I wish I could comprehend what these great minds are talking about... I have no knowledge of programming, I just watch this channel because I want to keep up wit AI and Lex is the best person to follow for that. Thanks for the very informative content.
GCC is still default on a lot of linux distros in part due to the kernel being developed with GCC, there are efforts to compile with clang but last time I checked the kernel has some very GCC specific bits in it.
16:14 syntax: how letters are arranged, symantics : how it behaves (C++ being complicated language) 21:15 neural network graph 24:15 trying to optimise across time 24:23 the RISC era ... 25:39 resources: running time, memory use, code size in embedded space 27:10 JAVA brought together good things like JIT compilation, garbage collection, portable code, memory safety, dynamic dispatch execution model
Computer design is so damn complicated and fascinating.. I'm a (intermediate-level) Python programmer sitting on top of god knows how many abstraction layers, and very grateful for it, but I love hearing about the depth from time to time :P
Noob question.. been listening to the podcast in order and this one I'm finding particularly difficult since I'm new to the information/ what they are talking about. Anyone know of other references and info I might find to better understand the topic and then come back to this talk?
also, android os platform code can no longer be compiled by gcc: clang allowed c++ programers to have fun and write templates with embedding level that gcc refuses to compile.
I think most people that have had the chance to code something then improve on it to reach the same outcome but in a more efficient and simple way understand the love of an elegant solution to solve a complex problem
What's compiler? compiler is a translator to do the job translate human language or high level computer language to language of computer can understand and run.
@@hadiwall oh crap! Yeah! To this day I'm surprised by the breadth of Terry's work on Temple OS, regardless of how much he mentally regressed, the man was a once-in-life-time kinda genius
great question from interviewer -- 'What makes prog. language complicated?'. As soon as the most errors in most languages made because of syntax, missunderstanding mechanics of language behavior or particular commands/libraries -- but not in pure logic -- what makes them complex? People. Thats why it's simplier to solve problem in Assembly, rather than C++. How we get there? Because solving logic problems is about of abstracting logic actions, not data itself, like sum(x,y), sqrt(x) etc.. -- we don't have one method for summing cars and another for summing donkeys, and result of sum is irrelevant to enviroment, if 2 + 4 = 9 after the rain because of moist -- this function should be purified.

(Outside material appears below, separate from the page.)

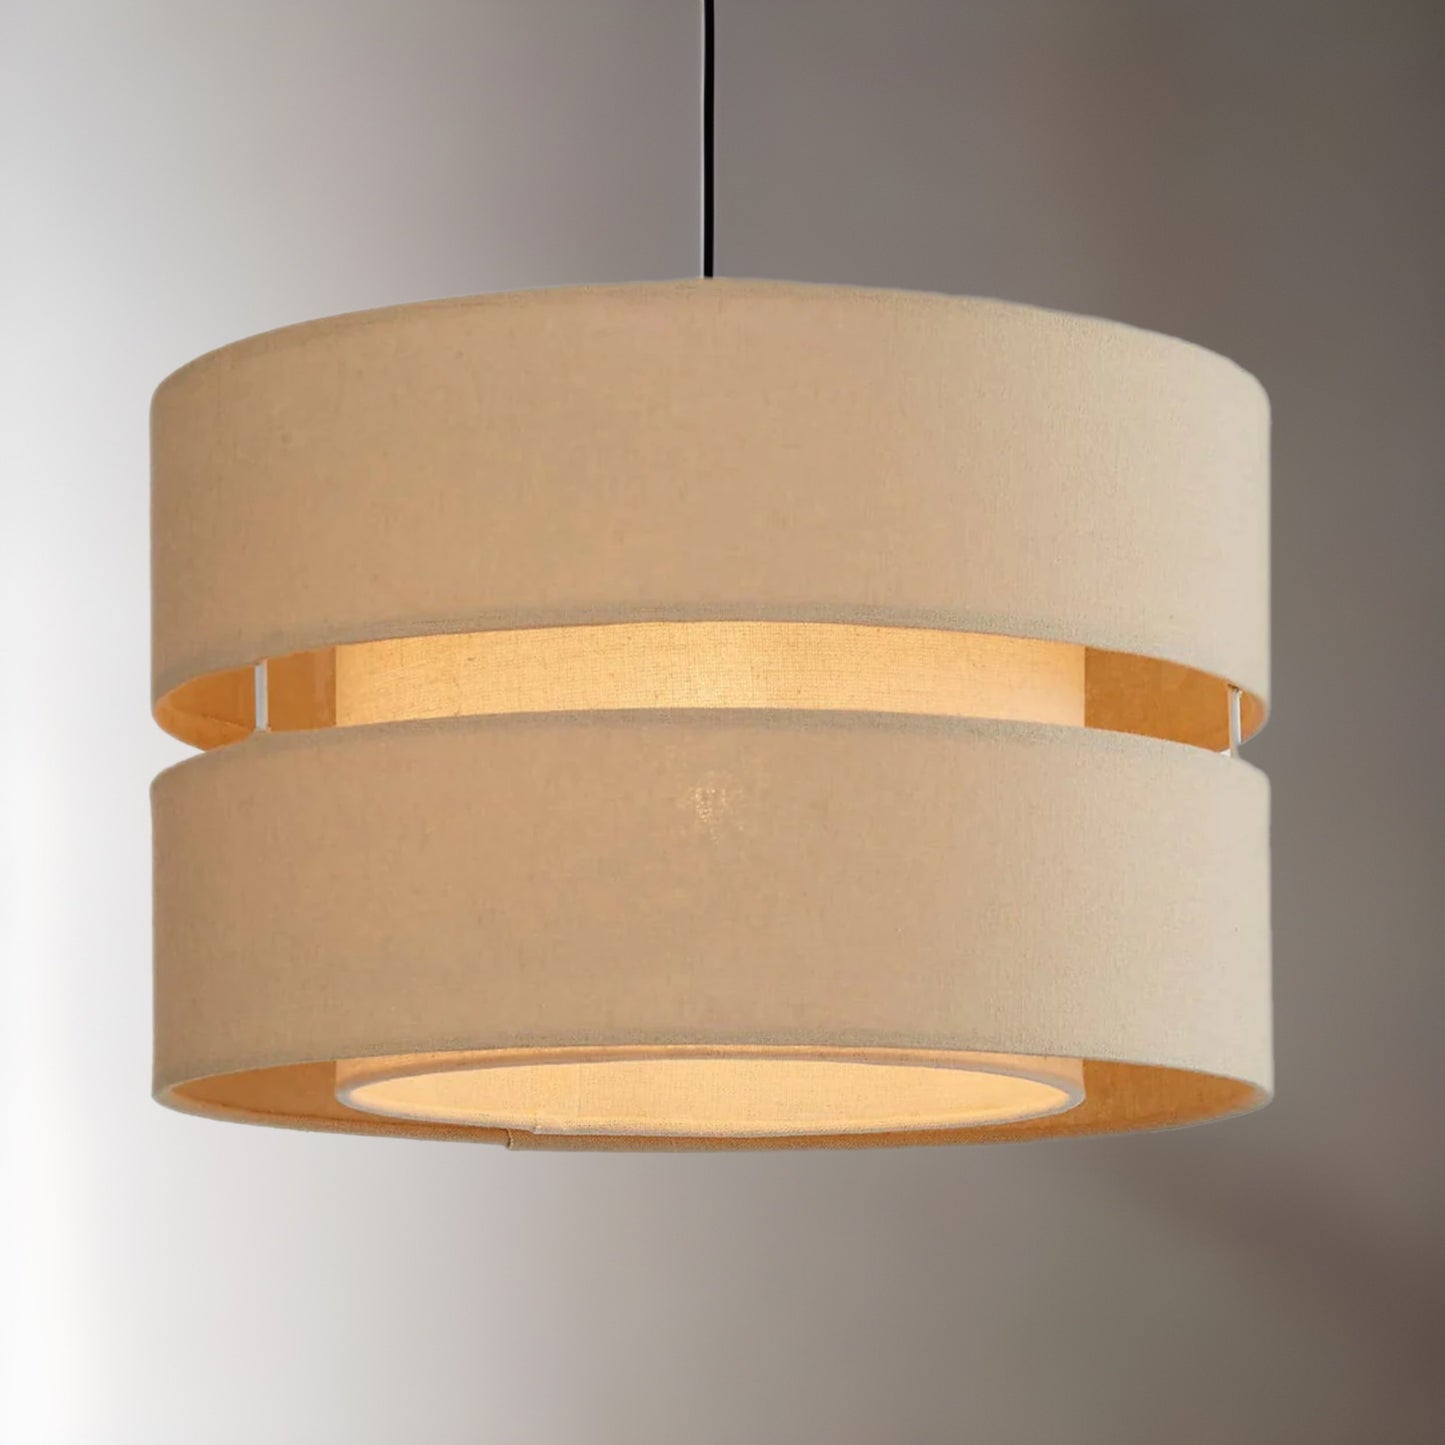 Our Gayle easy fit two tiered luxury fabric double layered shade is contemporary in its appearance and we have designed the shade to suit a range of interiors. Easy to fit simply attached to an existing pendant flitting.  It is crafted from high quality fabric material in two layers and complimented with a matching inner which looks beautiful when light shines through. The shade has been made to fit both a ceiling light or lamp base.

1:37 umh, i recognise him. ain't he same as the person behind the company promoting RISC-V. It was named smth like Start V if i recall correct. I saw his interview regarding same with Lex himself.
I made a note of the some points, not all, as a gist which you can see here so that it's easier to remember and look back on the details: gist.github.com/Rubix982/cbca0ddcc197bf0d32c9dfd9854c21c5 . Hope it helps.
10:30 > _"in some cases, google effectively owns clang now, bcz it cares so much about C++ & the evolution"_ ... and now google is working on Carbon language as a modern day successor to CPP
I learned objective c like in 2 weeks , is not really that hard, Apple made that language to make it more accessible to web developers or people coming from Python, I don’t like Swift’s syntax but it was a smart move to do that
Answer to Lex's question about the complication of C++ I would say it's templates, remove templates from the language and it would be drastically simpler.